One of the Twitter usage in Indonesia is to promote some events. This fact makes Twitter has a potential to be a source of event information. As a proof, there are several Indonesian Twitter accounts which collects event information such as

@event_indonesia, @evenesia, dan @info_event. However, those accounts collects event information manually. Currently there is not any mechanism to collect event information automatically. Therefore it is needed to build a system that can extracts event information from Indonesian tweet automatically.

There are several research related to this work.

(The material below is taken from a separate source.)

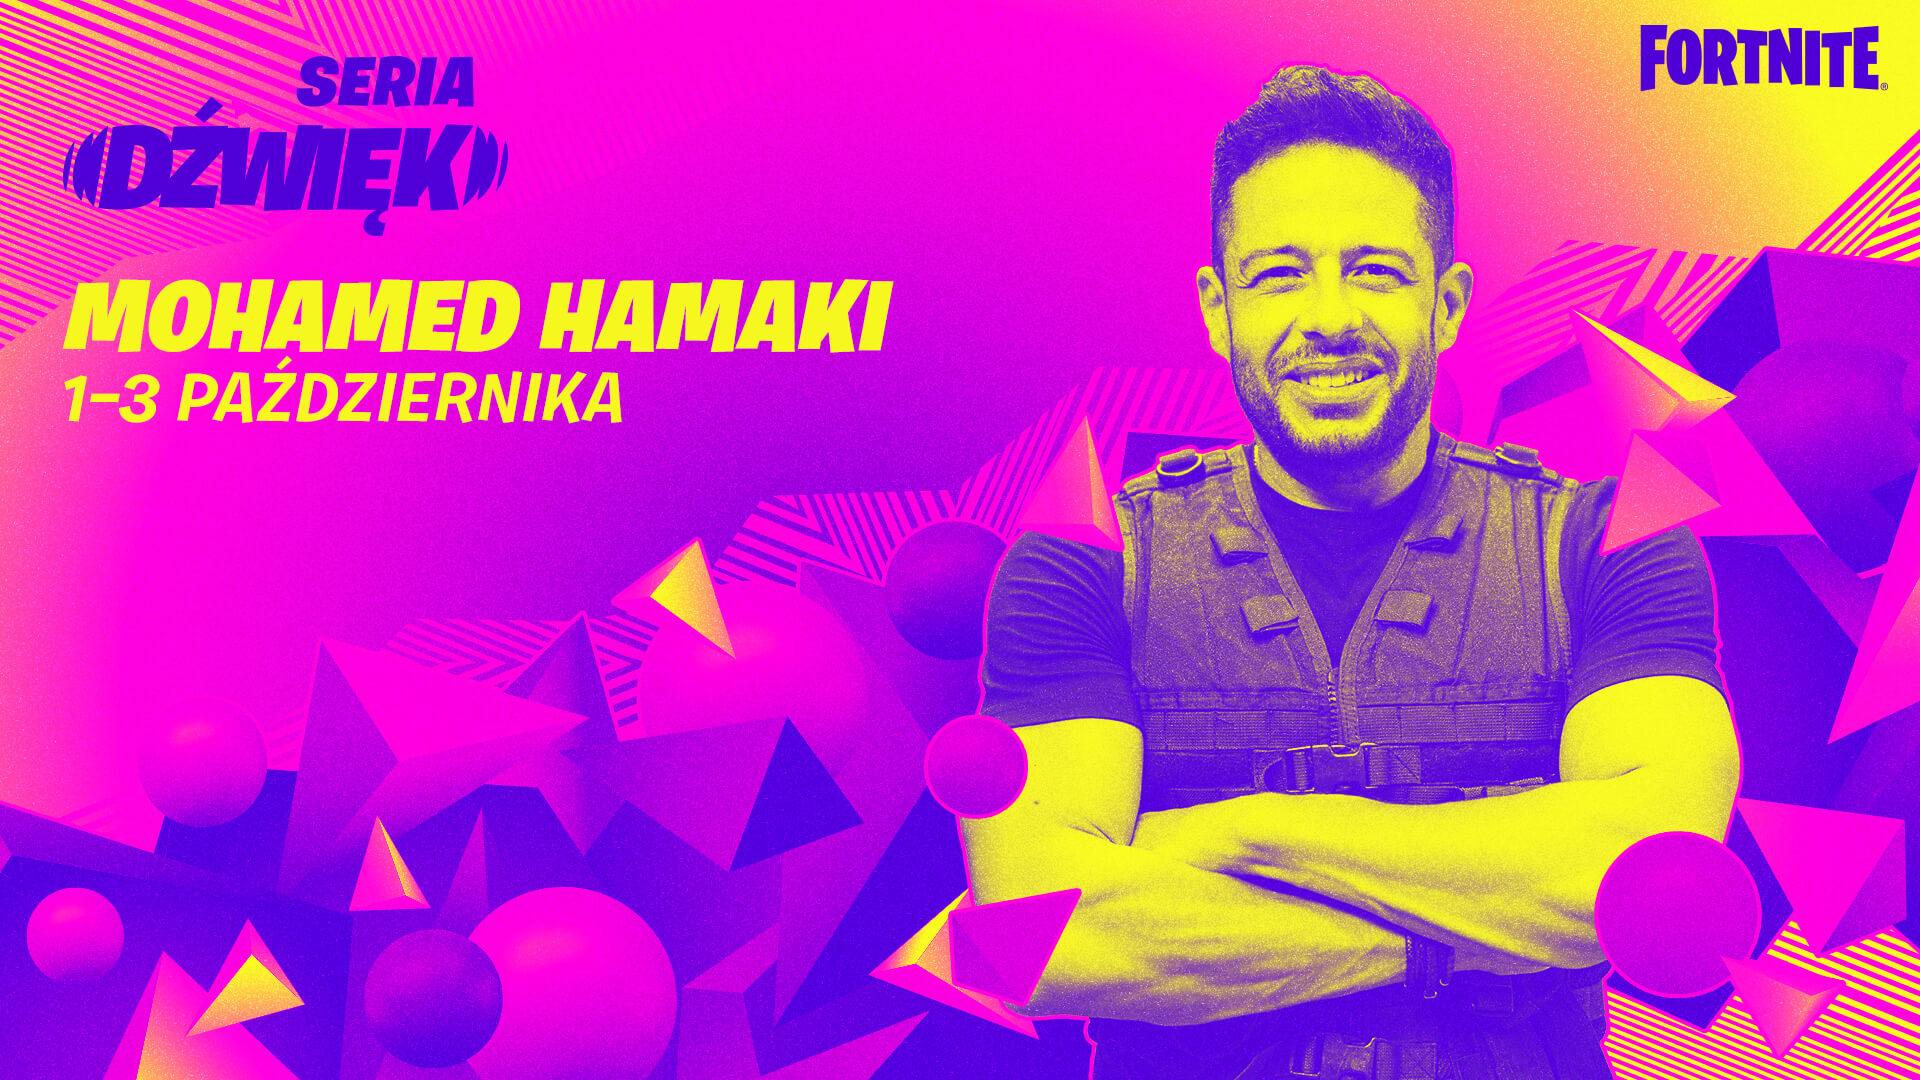 fornite koncert mohamed hamaki

From previous research, it can be concluded that Conditional Random Field is the best algorithm to do named entity recognition in tweet. However, using the same features as used

in [2] for Indonesian tweets is quite irrelevant due to special characteristics that Indonesian tweets have.

The other research is about detecting event. Several research like [3] is focussed on detecting the existance of some event in tweets. Another research like [4] also has a focus to detect unplanned event. However this research is slightly different with other research. Refering the definition of event [5] , this research has a focus to extract main component that form a planned event instead of detecting the existance of some events using Conditional Random Field Algorithm.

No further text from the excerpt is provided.